Instructions for updating:
Create a `tf.sparse.SparseTensor` and use `tf.sparse.to_dense` instead.
WARNING:tensorflow:From /home/jupyter/src/models/research/object_detection/builders/dataset_builder.py:152: batch_and_drop_remainder (from tensorflow.contrib.data.python.ops.batching) is deprecated and will be removed in a future version.
Instructions for updating:
Use `tf.data.Dataset.batch(..., drop_remainder=True)`.
WARNING:tensorflow:From /home/jupyter/src/models/research/object_detection/predictors/heads/box_head.py:93: calling reduce_mean (from tensorflow.python.ops.math_ops) with keep_dims is deprecated and will be removed in a future version.
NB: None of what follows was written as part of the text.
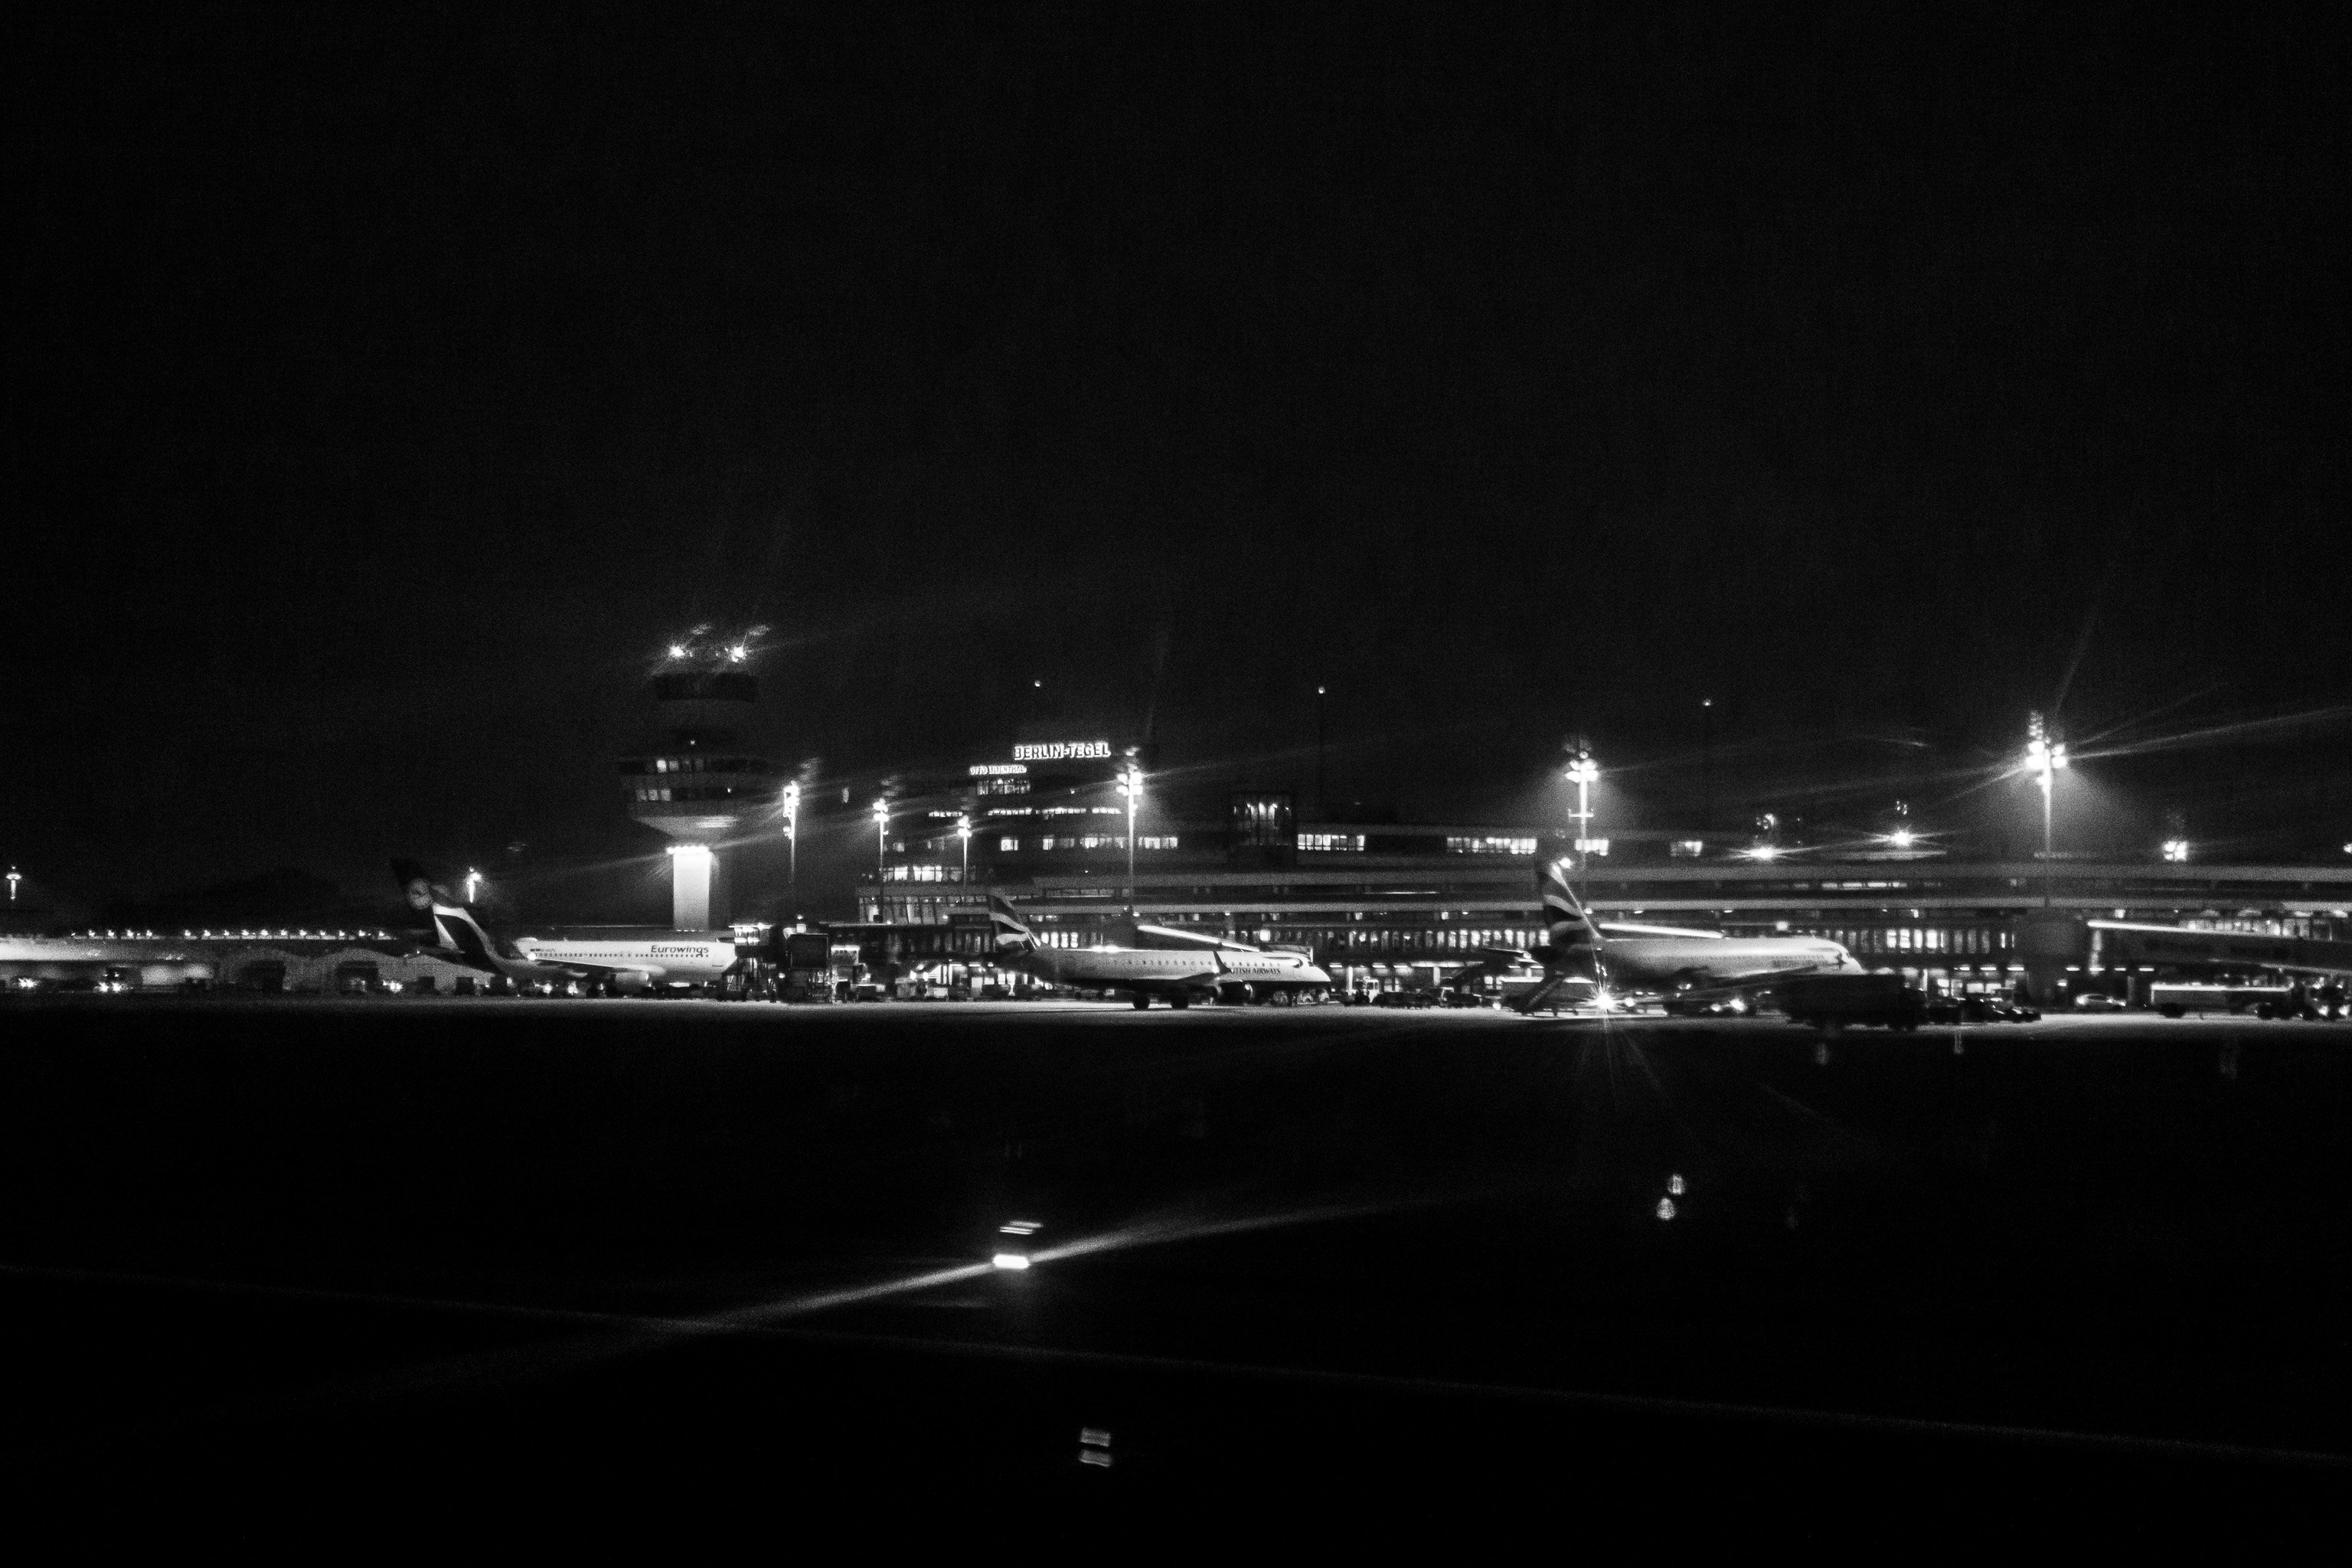 Vol de Nuit (15 von 16)

Instructions for updating:
keep_dims is deprecated, use keepdims instead
WARNING:tensorflow:From /home/jupyter/src/models/research/object_detection/core/losses.py:345: softmax_cross_entropy_with_logits (from tensorflow.python.ops.nn_ops) is deprecated and will be removed in a future version.
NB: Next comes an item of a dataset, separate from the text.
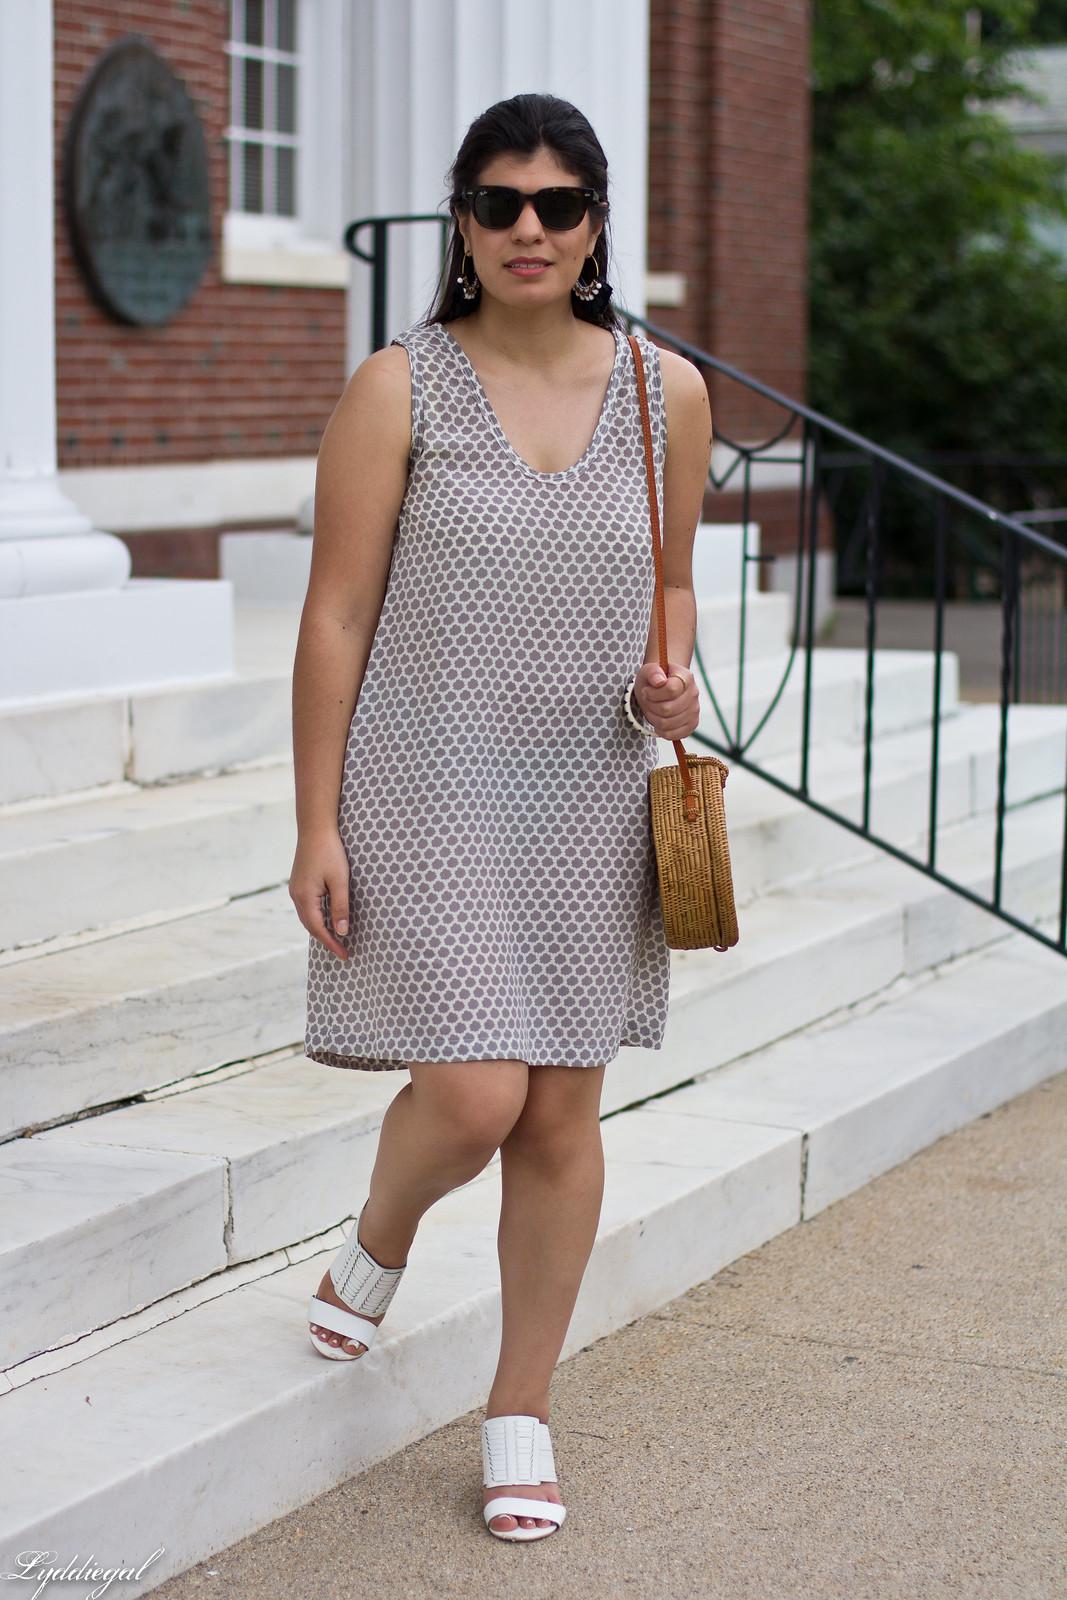 joie cloudburst dress, round straw bag, statement earrings-2.jpg

Instructions for updating:

Future major versions of TensorFlow will allow gradients to flow
into the labels input on backprop by default.

See `tf.nn.softmax_cross_entropy_with_logits_v2`.

/usr/local/lib/python3.5/dist-packages/tensorflow/python/ops/gradients_impl.py:112: UserWarning: Converting sparse IndexedSlices to a dense Tensor of unknown shape. This may consume a large amount of memory.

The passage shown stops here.